Magical or fatal women are present in many of his works, often nude or draped, embodying mysterious and ambivalent forces. The artist also makes use of vegetal symbolism, with sinuous lines, imaginary plants and stylized decorations reinforcing the link between nature and spirituality.
The work of Paul-Élie Ranson thus establishes a bridge between Art Nouveau and Symbolism, insofar as Ranson's taste for decoration and mystery prefigures Art Nouveau while extending the Symbolist imagination.
He is a singular voice among the Nabis, since less focused on everyday life than Vuillard or Bonnard, his work explores more the margins of consciousness and the sacred.
Paul Élie Ranson, his life, his work
Paul Élie Ranson (1861 - 1909) was born in Limoges. The son of a drawing school director, he was introduced to the plastic arts at an early age. He trained at the École des Beaux-Arts de Limoges, then at the Beaux-Arts de Paris. He then chose the Académie Julian, where he met Sérusier, Bonnard, Denis and Vuillard, a group of artists who were to form the future nucleus of the Nabi group.
He co-founded the Nabis group in 1888, alongside Paul Sérusier, with the determination to break with academicism and make painting a spiritual language.

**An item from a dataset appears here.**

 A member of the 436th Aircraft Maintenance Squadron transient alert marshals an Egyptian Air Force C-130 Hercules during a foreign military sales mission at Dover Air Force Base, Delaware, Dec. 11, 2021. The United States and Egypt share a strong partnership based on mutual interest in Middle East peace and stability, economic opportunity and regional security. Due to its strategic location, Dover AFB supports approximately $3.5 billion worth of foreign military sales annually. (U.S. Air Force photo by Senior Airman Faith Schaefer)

He took an active part in the Nabis exhibition, notably at the Salon des Indépendants and with the dealer Le Barc de Boutteville.
He carried out several decorative works, creating screens, wall panels, illustrations, theater sets and puppets, in a synthetic and symbolist spirit.

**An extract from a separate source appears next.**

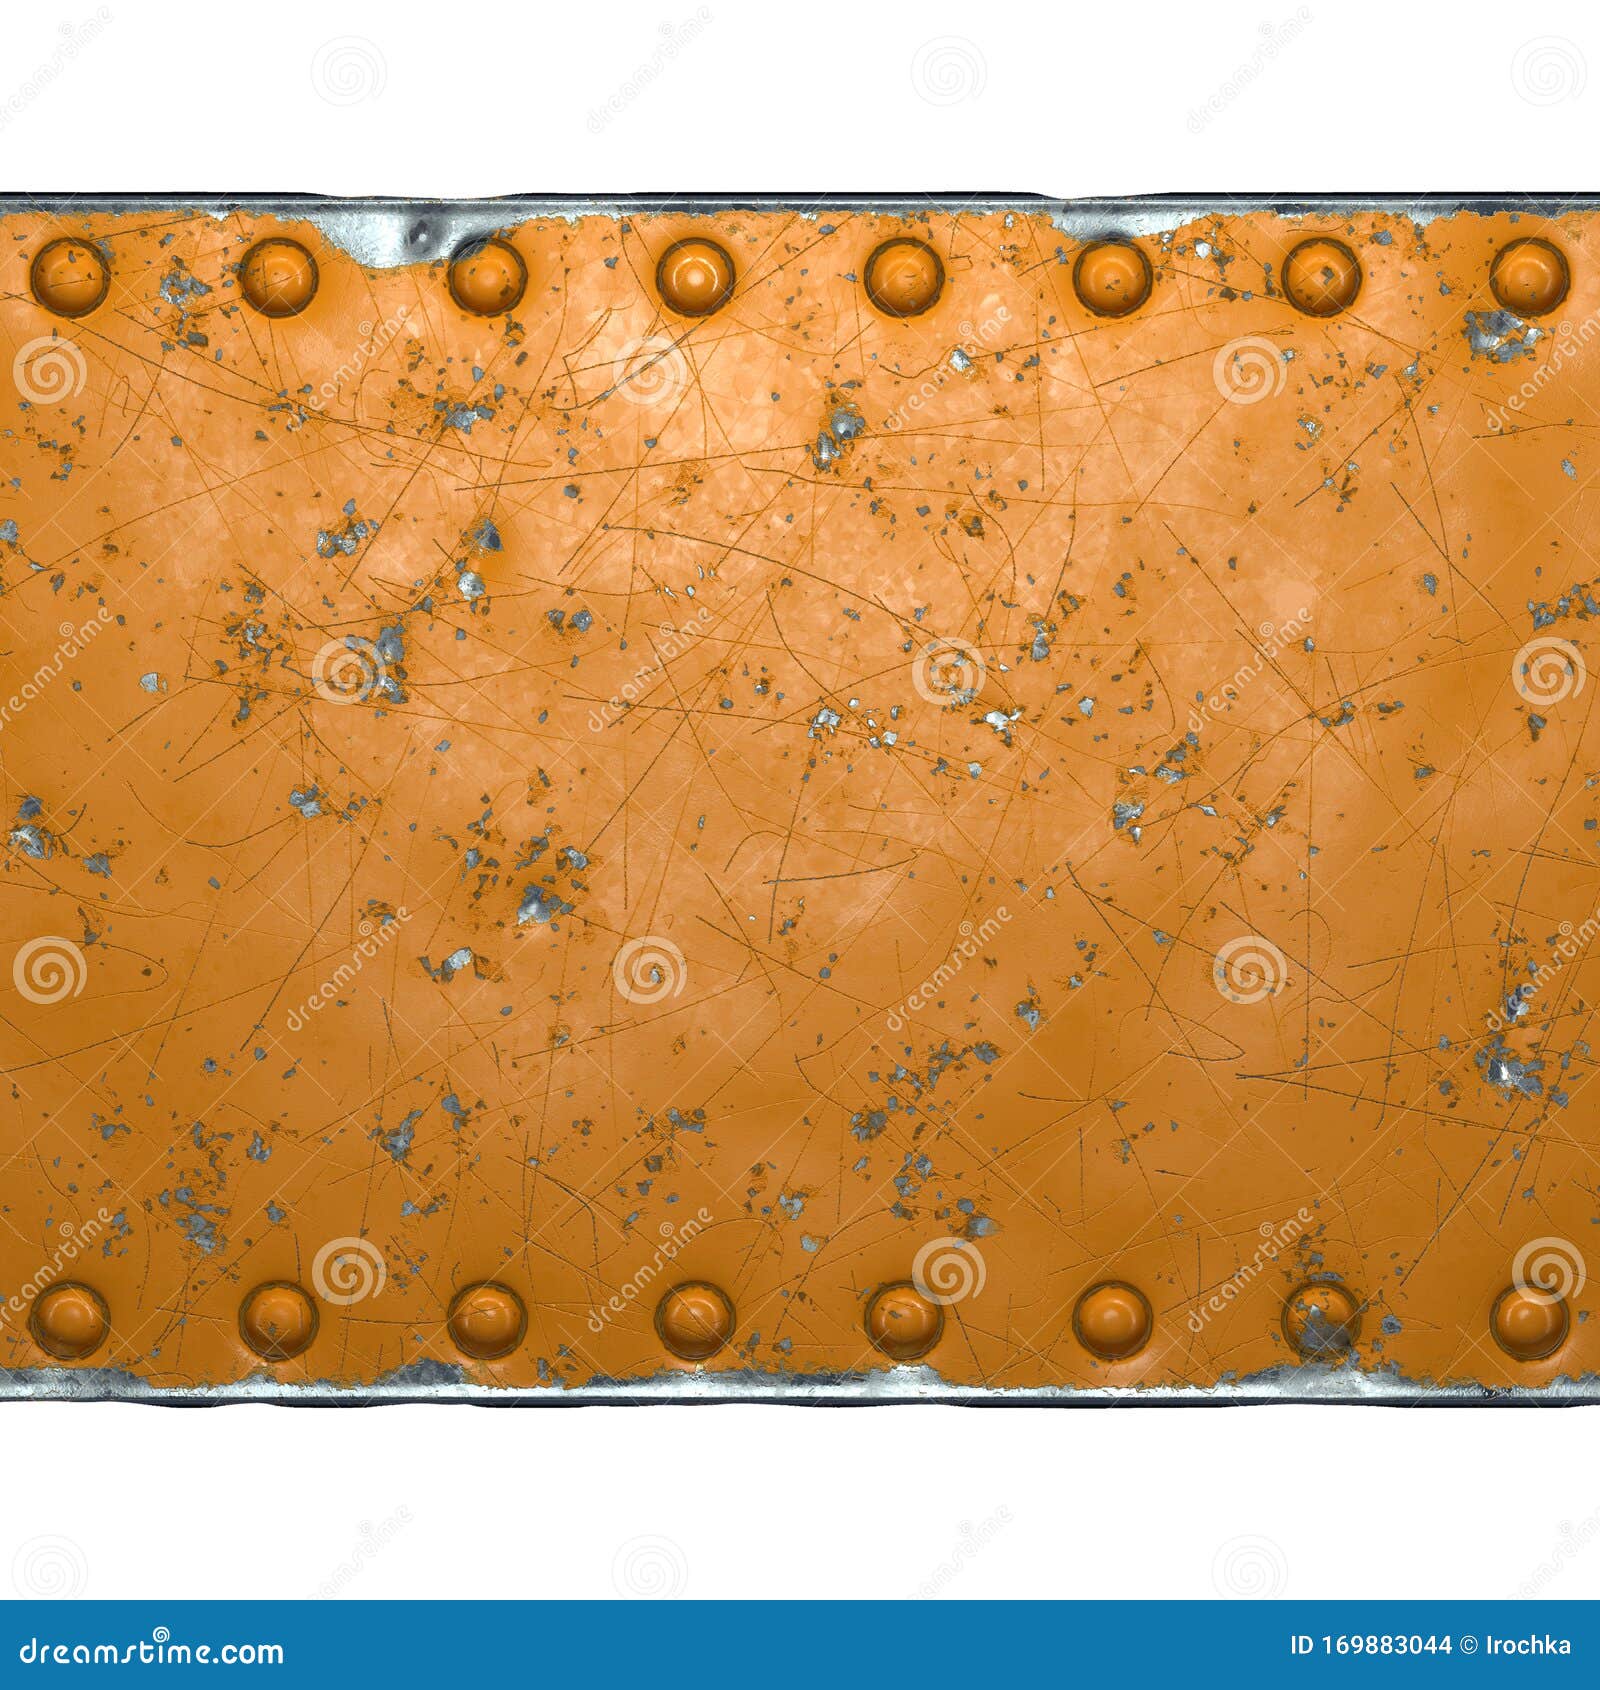 rusty metal strip with rivets on the center against on white background 3d

His career is also closely linked to theater and esotericism; he is passionate about spiritualism, theosophy and occultism, and in 1891 founds the Théâtre d'Art et de marionnettes, where he designs the sets and texts, thus blending mysticism and visual art.
Weakened by a chronic illness (probably tuberculosis or an intestinal ailment) he endured difficult years punctuated by frail health towards the end of his life. He died prematurely in Paris at the age of 47.

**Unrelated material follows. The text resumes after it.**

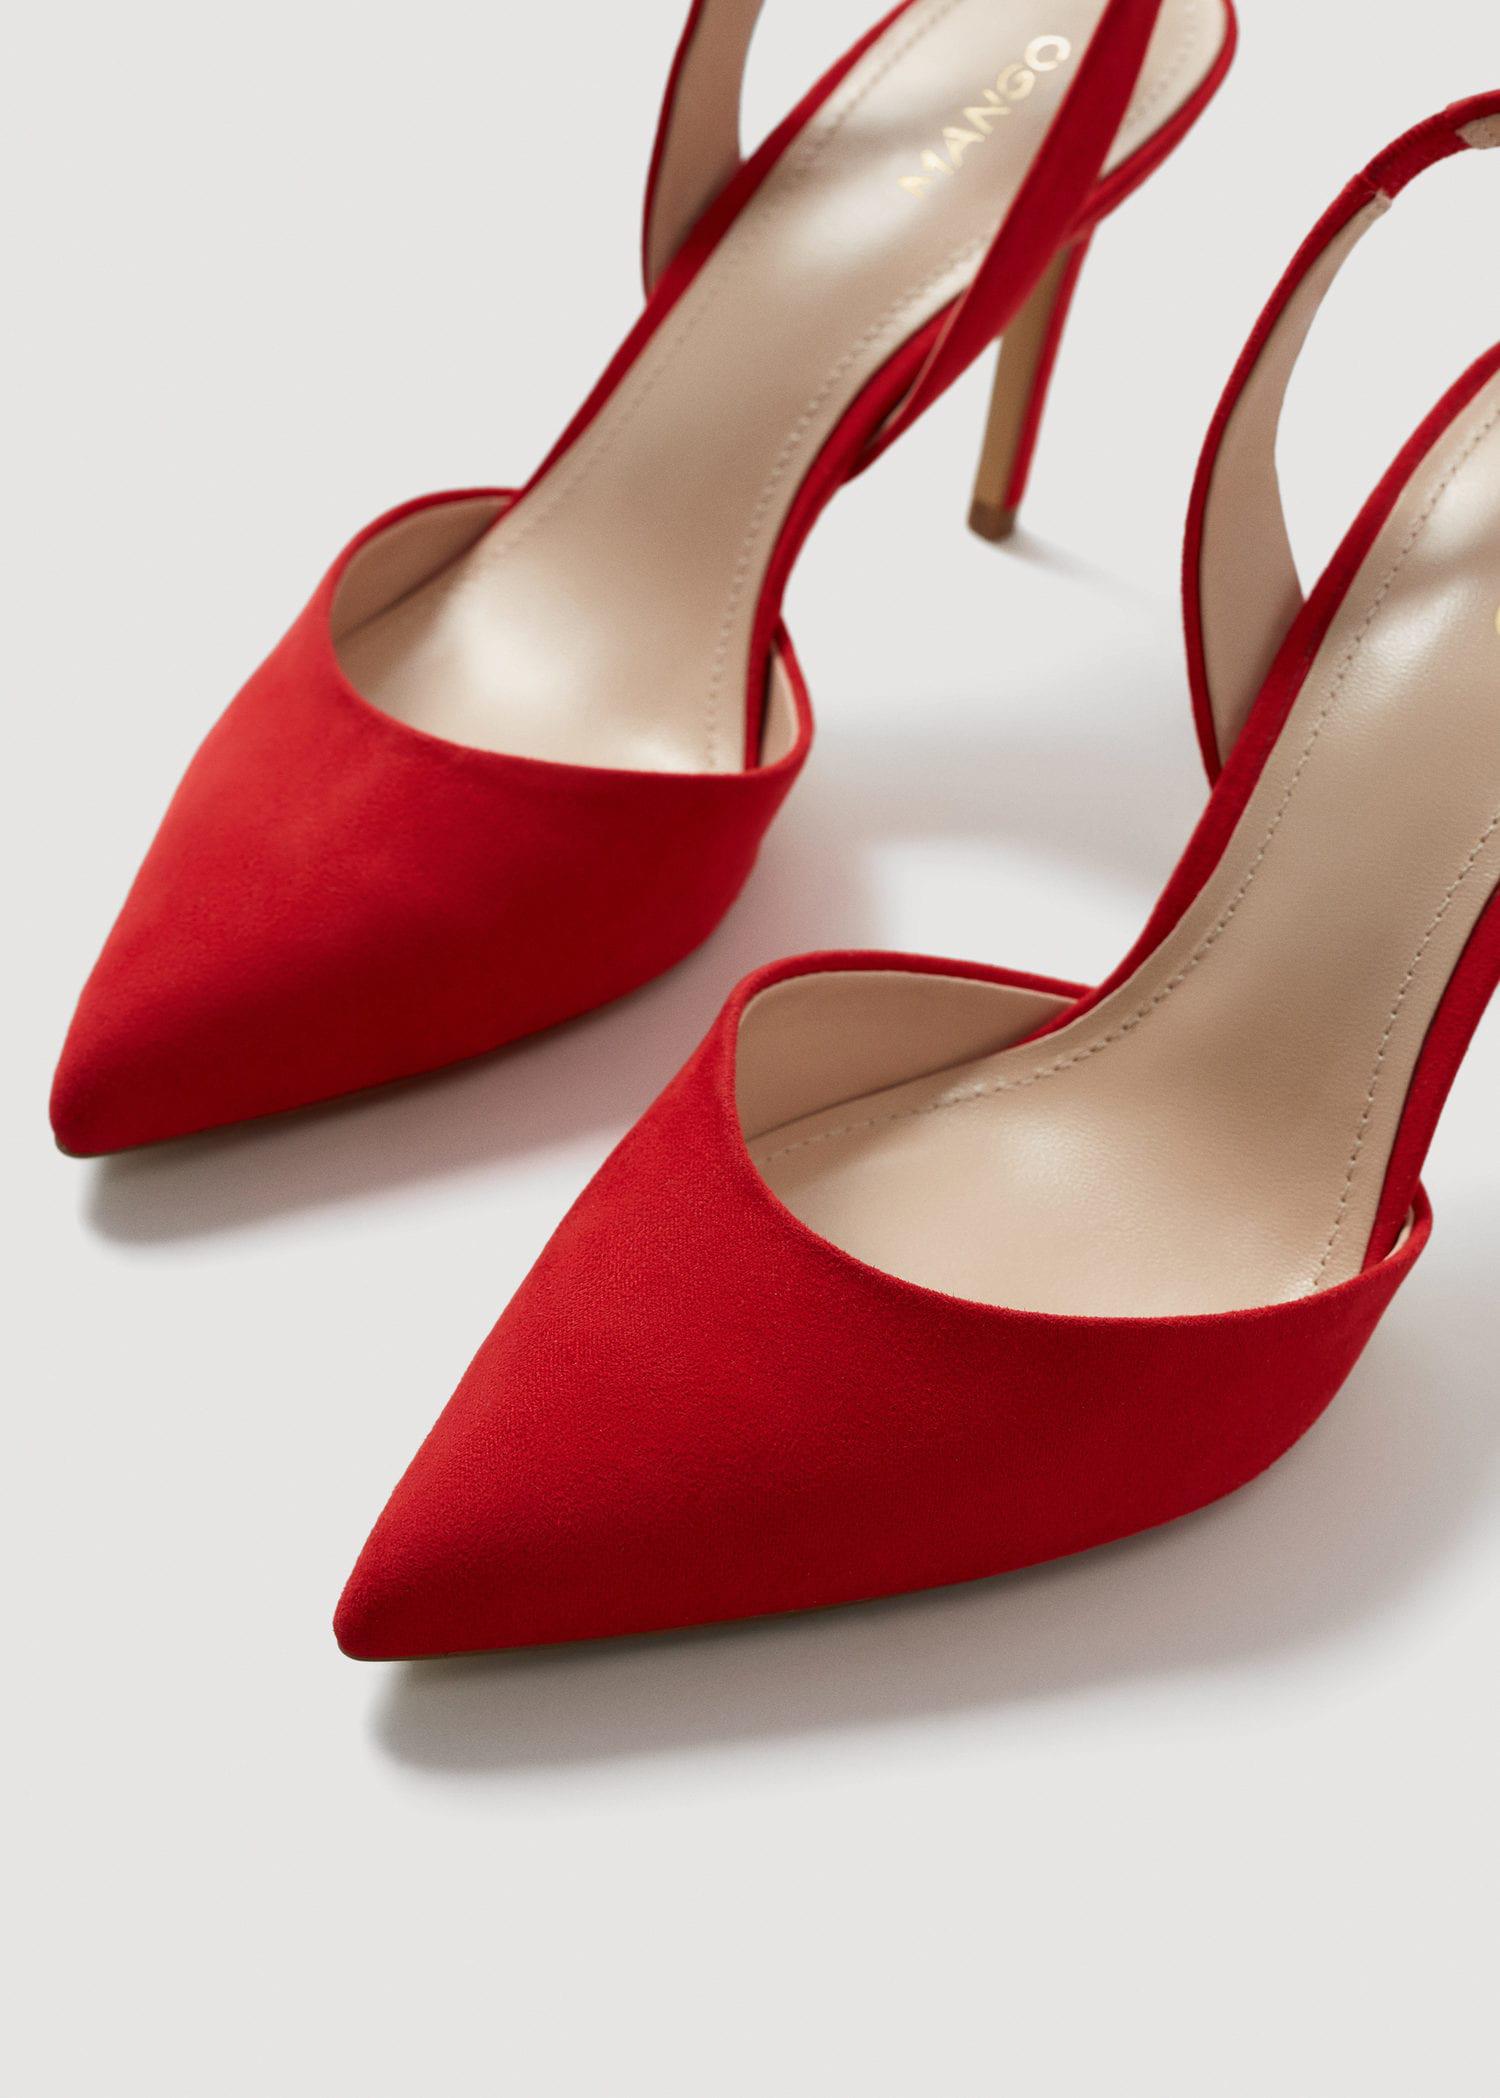 Mango Slingback Heel Shoes in Red - Lyst

Although he is less well-known today than Bonnard or Vuillard, he was rediscovered in the 20th century as a singular representative of Nabi symbolism, at the crossroads of esotericism, Art Nouveau and decorative painting.
Focus on Les sorcières autour du feu, Paul Élie Ranson, 1891
The work depicts an occult and ritualistic scene, a circle of naked witches, crouching around a fire, in a stylized nocturnal passage. The composition is constructed in rotation, the bodies forming a ring around the central flame, reinforcing the effect of magical ritual.
There is an absence of precise narration : this is not a narrative but a suspended scene, like a dream or a symbolic vision. The painting's atmosphere is designed to be strange and bewitching: the bodies are pale, the attitudes frozen, the dark background and the flames suggest a scene between magic, sleep and hypnosis.
The circle, the fire and the ritual nudity allude to the occult practices and theosophical beliefs dear to Ranson. He also alludes to the witch as a figure of feminine power: far from caricature, women here are almost sacred, like priestesses of an ancient knowledge.
Shapes are outlined and worked with solid colors. The bodies are stylized, with clean contours, the colors are laid down in broad matte areas without modeling, in the Nabi spirit.
The palette used by the artist is dark and contrasting, with deep ochres, reds and blacks dominating, accentuating the nocturnal and sacred character of the scene.
This is a deliberate simplification, since Ranson was looking for an image-symbol rather than a realistic scene, in the manner of the Japanese prints he admired.
The work thus blends archaism (witchcraft, fire,) and avant-garde (stylization, schematization), in order to propose a painting that speaks to the unconscious.
This vision of feminine magic and the initiatory circle can also be read as a projection of Ranson's own spiritual universe.
His signature
Not all of Paul Élie Ranson's works are signed.